Friday, March 18, 2005

Slowdown expected after years of growth



The U.S. housing market appears headed for a slowdown after four years of spectacular growth that has raised widespread fears of a real estate "bubble."

Because rising short-term interest rates and worries about inflation are driving up the price of home mortgages nationwide, home sales are expected to slow, and prices in some markets could even fall.

Optimists expect the growth in sales to level off from phenomenal recent peaks. Pessimists warn that many metropolitan markets could see bursts of housing "bubbles" -- markets in which speculative investment drove prices higher than usual demand can sustain.

Although mortgage rates remain relatively low, they are rising, which is fueling the debate.

Mortgage giant Freddie Mac, in its weekly survey of mortgage rates reported yesterday that rates on 30-year, fixed-rate mortgages averaged 5.95 percent this week, up from 5.85 percent last week and the highest since the week that ended Aug. 5, when rates averaged 5.99 percent. Rates on 15-year, fixed-rate mortgages, a popular option for refinancing, rose to 5.47 percent this week, up from 5.38 percent last week.

The one-year adjustable-rate mortgage, popular with investors who purchase homes to resell quickly, is about 4.24 percent, up from 3.20 percent the year before.

Most experts agree that a slowdown is overdue. The Federal Reserve has raised short-term lending rates by 1.5 percentage points in six quarter-point moves since last June, but long-term rates were slow to follow until recently.

Federal Reserve Chairman Alan Greenspan has made it clear that more short-term rate increases are coming, and higher mortgage rates are expected to follow.

Freddie Mac, one of two federal housing-finance agencies, predicts a 30-year fixed-rate mortgage of 6.25 percent by year's end.

That should curb the rise in home prices, which surged a spectacular 11.2 percent last year, the fastest rate since 1979, according to the Office of Federal Housing Enterprise Oversight, which regulates Freddie Mac and Fannie Mae, the nation's largest supplier of home mortgage funds.

Nationally, home prices have risen 8.4 percent annually over the past five years.

Economists in the optimist camp think that a growing economy, and an influx of new buyers as the "echo boom" generation enters the market, will keep home prices rising, albeit more slowly. They expect mortgages to remain affordable.

"We are expecting 6.5 percent by midyear, which is low in a historical context," said Celia Chen, the director of housing economics for Economy.Com, a business consultancy.

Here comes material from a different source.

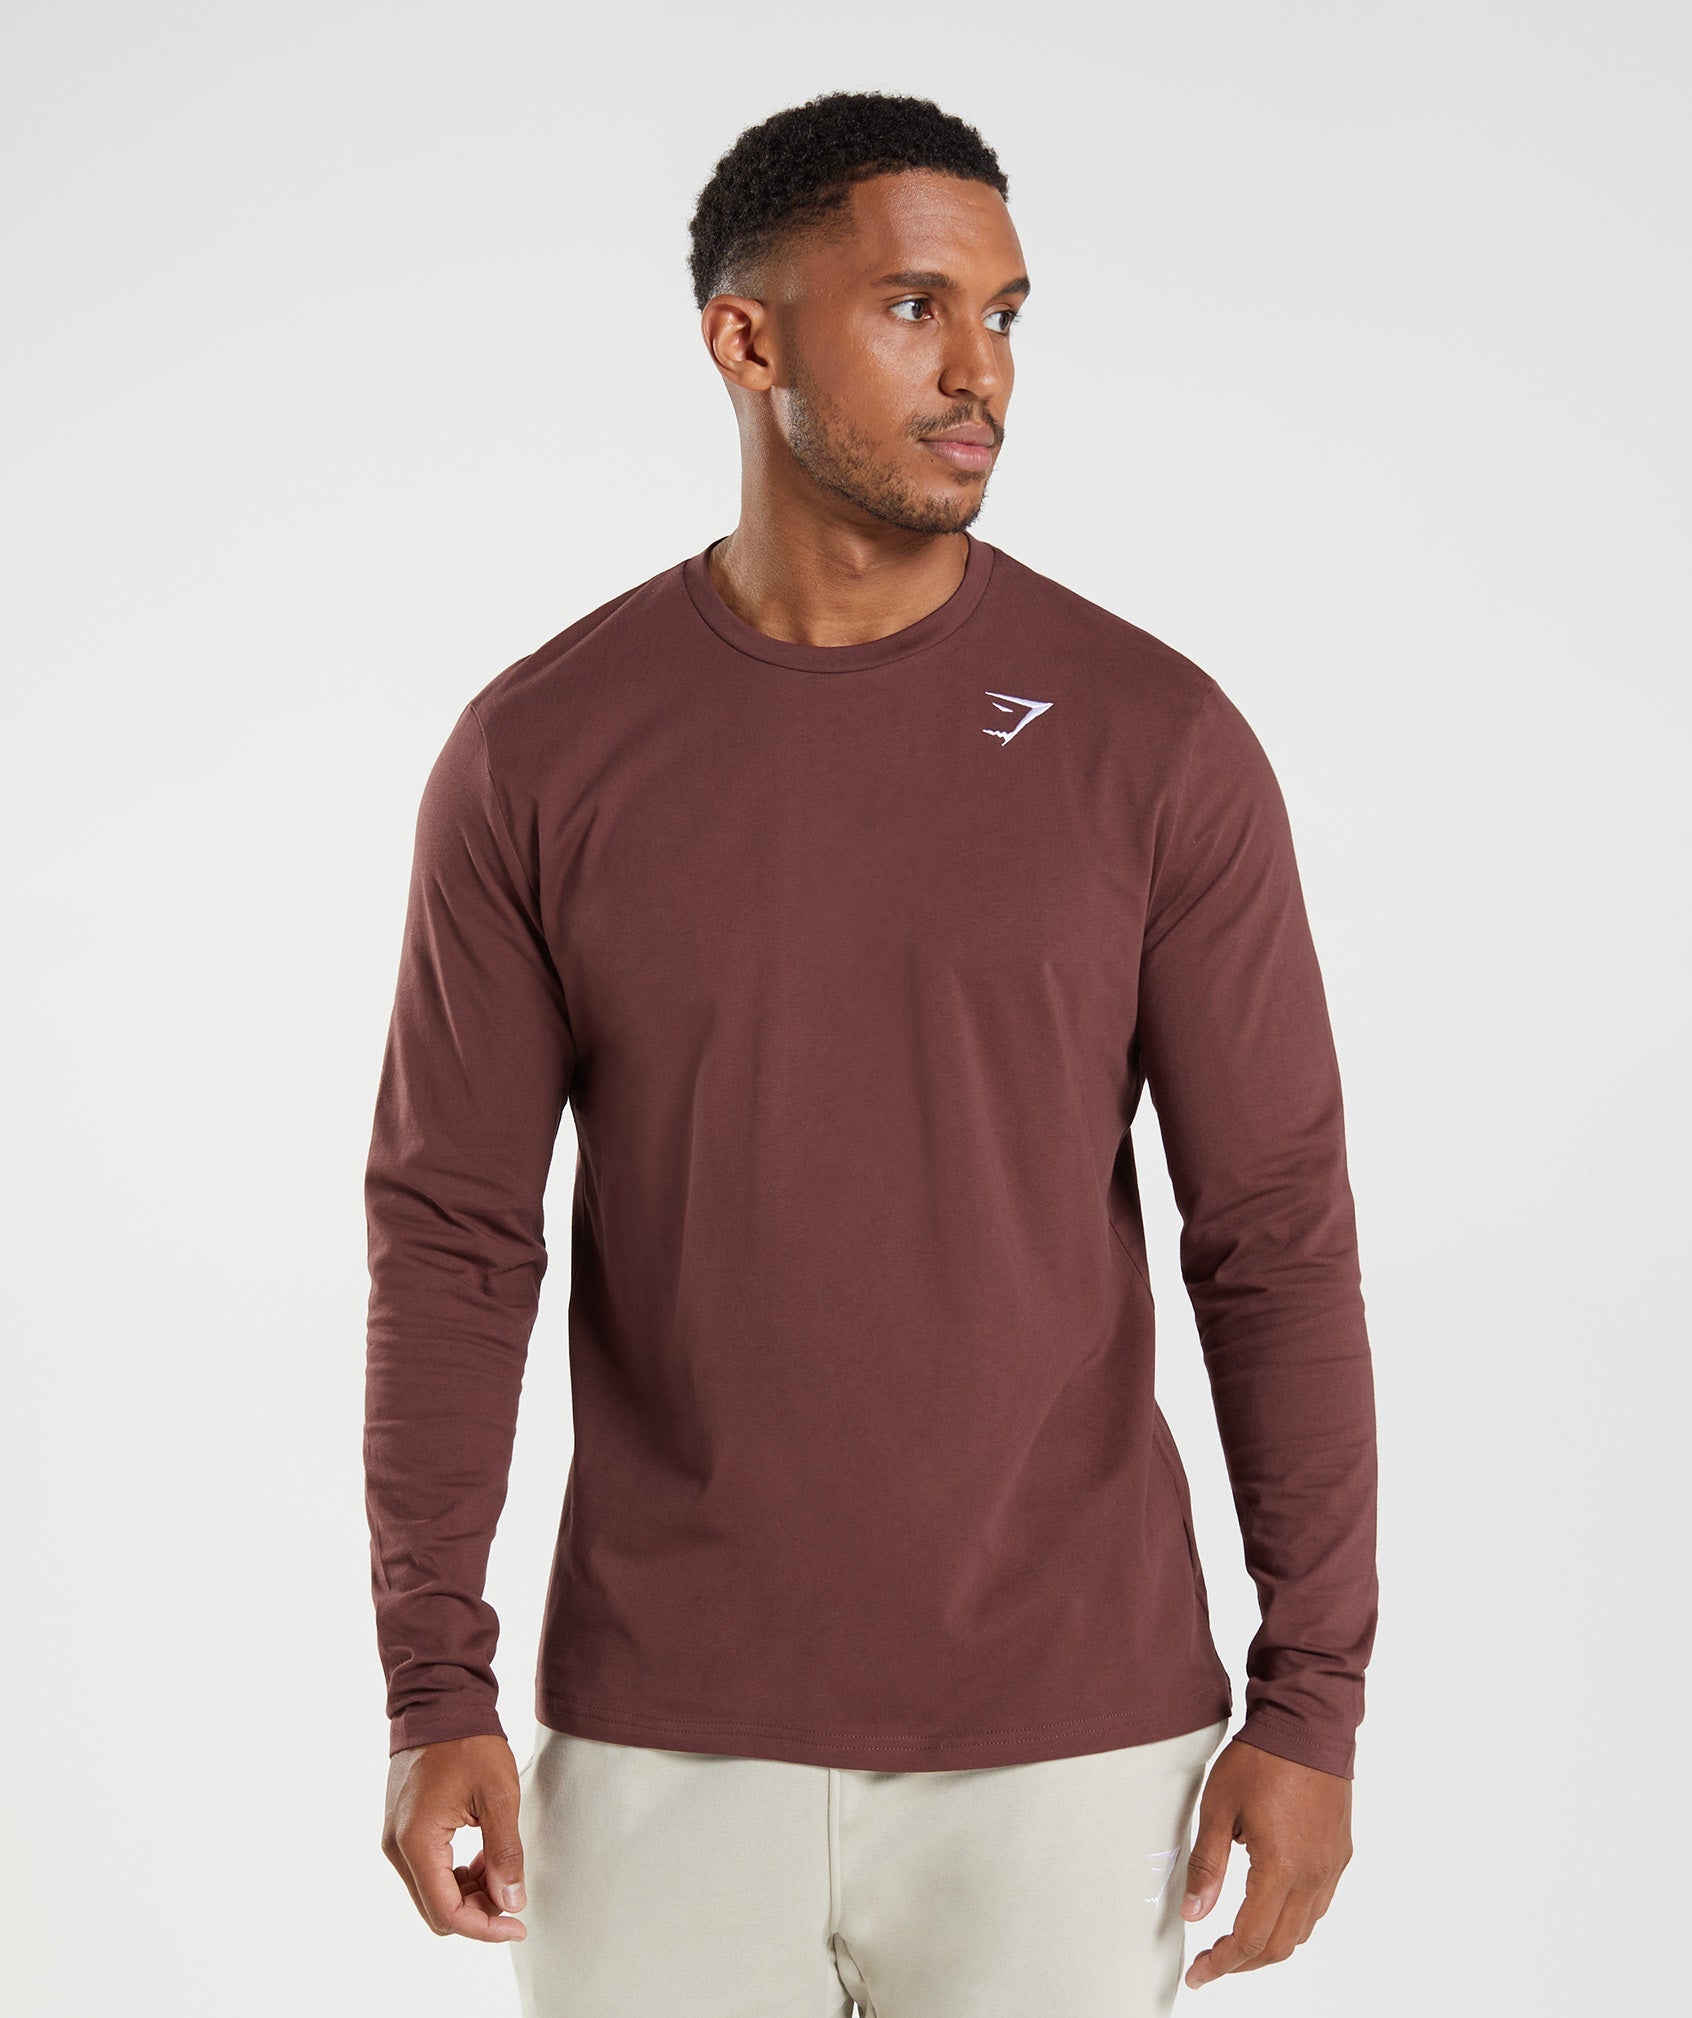 Gymshark Crest Long Sleeve T-Shirt - Cherry Brown

Other economists take a more dour view but stop short of predicting havoc.

"I do think it is going to weaken over the next year as interest rates go up. Owning is going to look more expensive relative to renting," predicted Jan Hatzius, a senior economist at Goldman Sachs investment bank in New York.

Pessimists think that the nation's hottest real-estate markets are in a bubble driven by unbridled speculative investment. Anecdotal evidence abounds. Outside Washington, young professionals camp out overnight for a chance to bid on new homes. In South Florida, new homes and condos can sell two or three times before they're even built.

In late February, a National Association of Realtors report said that 23 percent of homes purchased last year were bought as investments or second homes. The report suggested that many people are buying homes for quick turnarounds, much as they'd plunk money into rising stocks.

On March 7, David Berson, chief economist for Fannie Mae, observed in his weekly commentary that investor ownership of housing hasn't been this high since the late 1980s, which saw a crash in housing prices.

Berson suggested it could happen again because "the risk of regional home price declines is higher" as so many purchases are by speculators rather than residents.